Before you start assembling your slide, you may want to lay down a tarp or blanket where you plan to work. Doing this will prevent any scratches on the surface that could affect sliding speed or overall comfort. 

It's also a good idea to collect all of the tools that you'll need in one place before you get to work. You won't have to worry about running off to the garage while trying to support heavy fixtures. For most assemblies, you'll need: 

  • A set of socket wrenches
  • Pliers and vice grips
  • A hammer and appropriately sized nails
  • A screwdriver and appropriately sized screws
  • A hex key set
  • A rotary hammer drill
  • Measuring tape and a level

How to Install a Pool Slide

While you can hire a professional to install your slide, in many cases, it's easy enough to do yourself without any advanced DIY skills. Often, it only takes a matter of hours to assemble and install a slide. 

While you can work with just one person, it's safer and easier to install a pool slide alongside a partner. This way, you won't be lifting and supporting heavy components yourself. 

While all manufacturer instructions will be slightly different, most water slides have a similar installation procedure. 

You must anchor the slide into the concrete of your deck by drilling holes using a rotary hammer drill. Once your secure anchors into the deck, tighten the nuts using pliers or a socket wrench to ensure that the slide's legs are stable and secure. 

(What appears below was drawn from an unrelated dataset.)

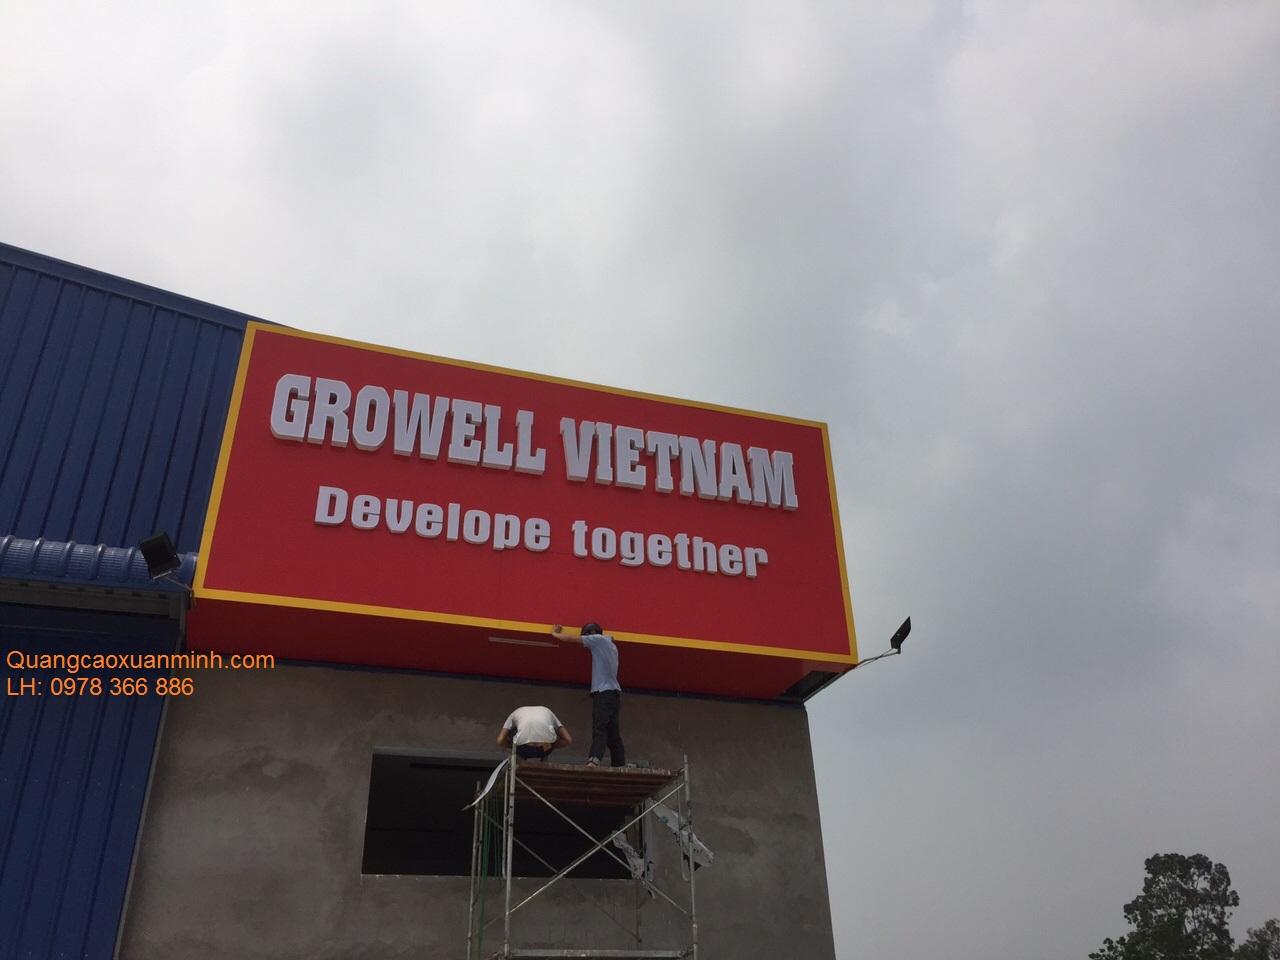 Biển-nhà-máy-Growell-Việt-Nam-Đông-Anh-HN
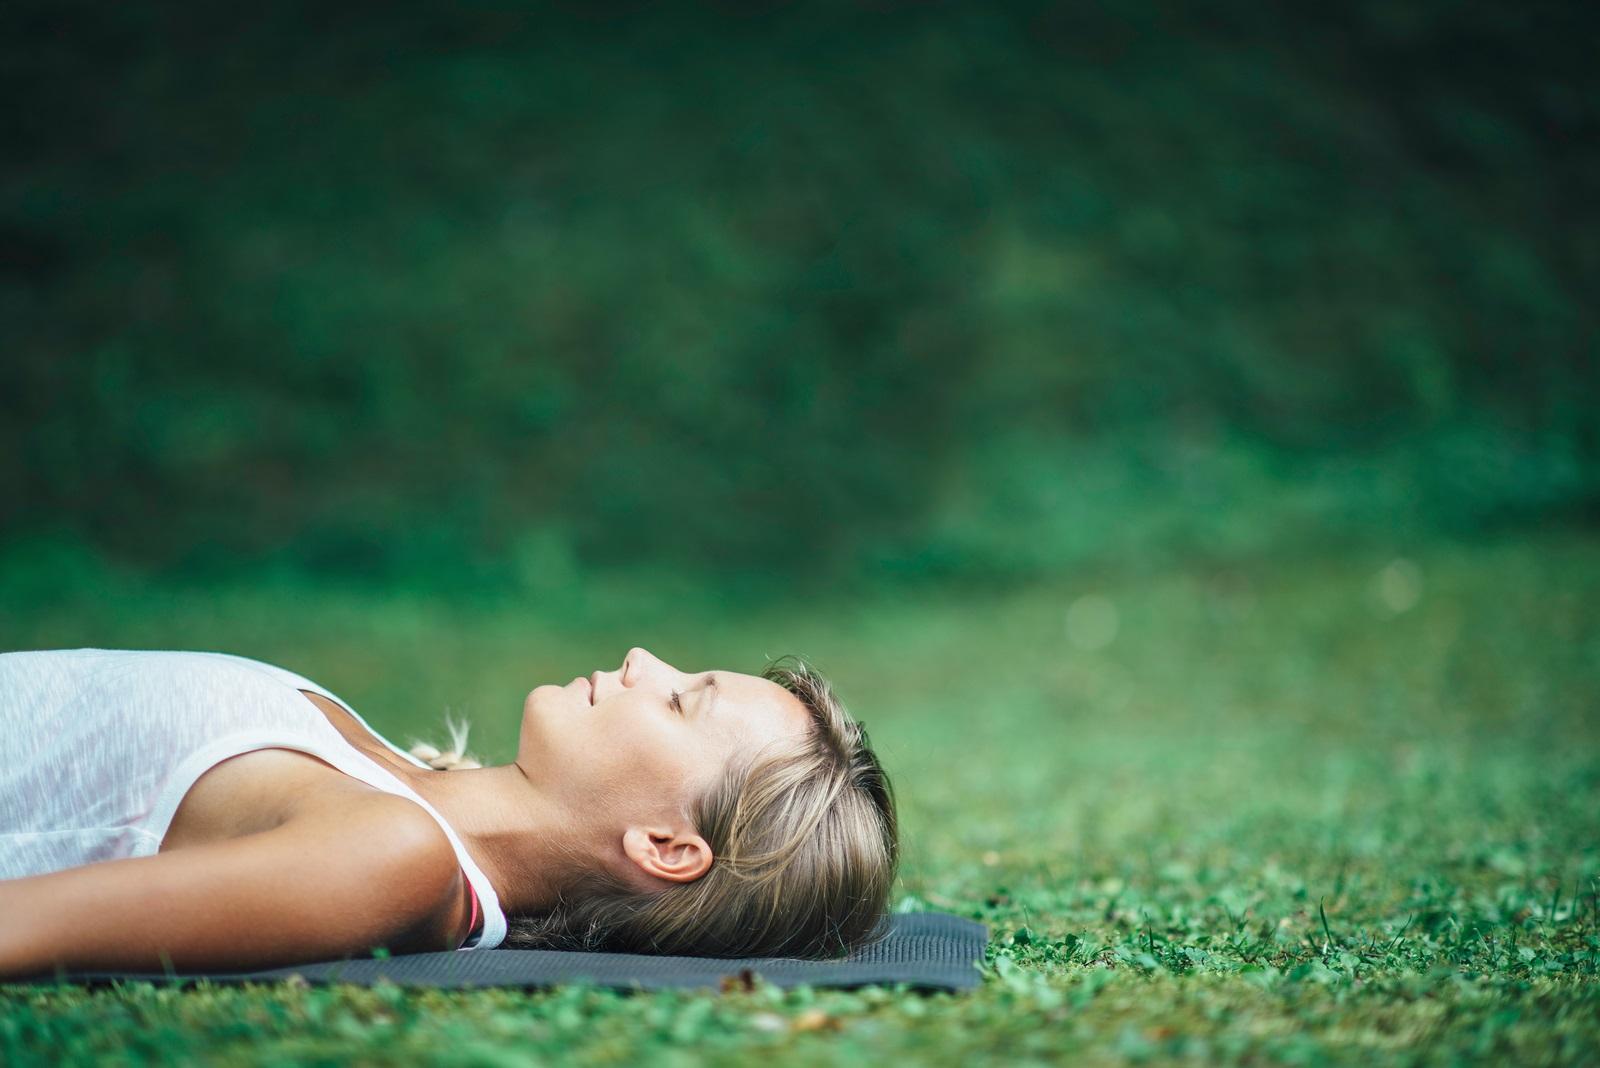 Йога нидра – сон, исполняющий желания. какие цели преследует эта практика, и какие проблемы она действительно может решить?

With some slides, you can use a garden hose to supply a steady stream of water during use. Others include plumbing in the design that lets you connect the slide's water supply to your pool or home. While this can be a challenge, it will often save you on maintenance costs in the long run. 

The Bottom Line

There's no better way to improve your backyard pool than by adding a water slide. However, you need to make sure that you choose the right slide for your setup. That way, once you install your slide, you can have peace of mind that all of your friends and family will have a safe and enjoyable poolside experience.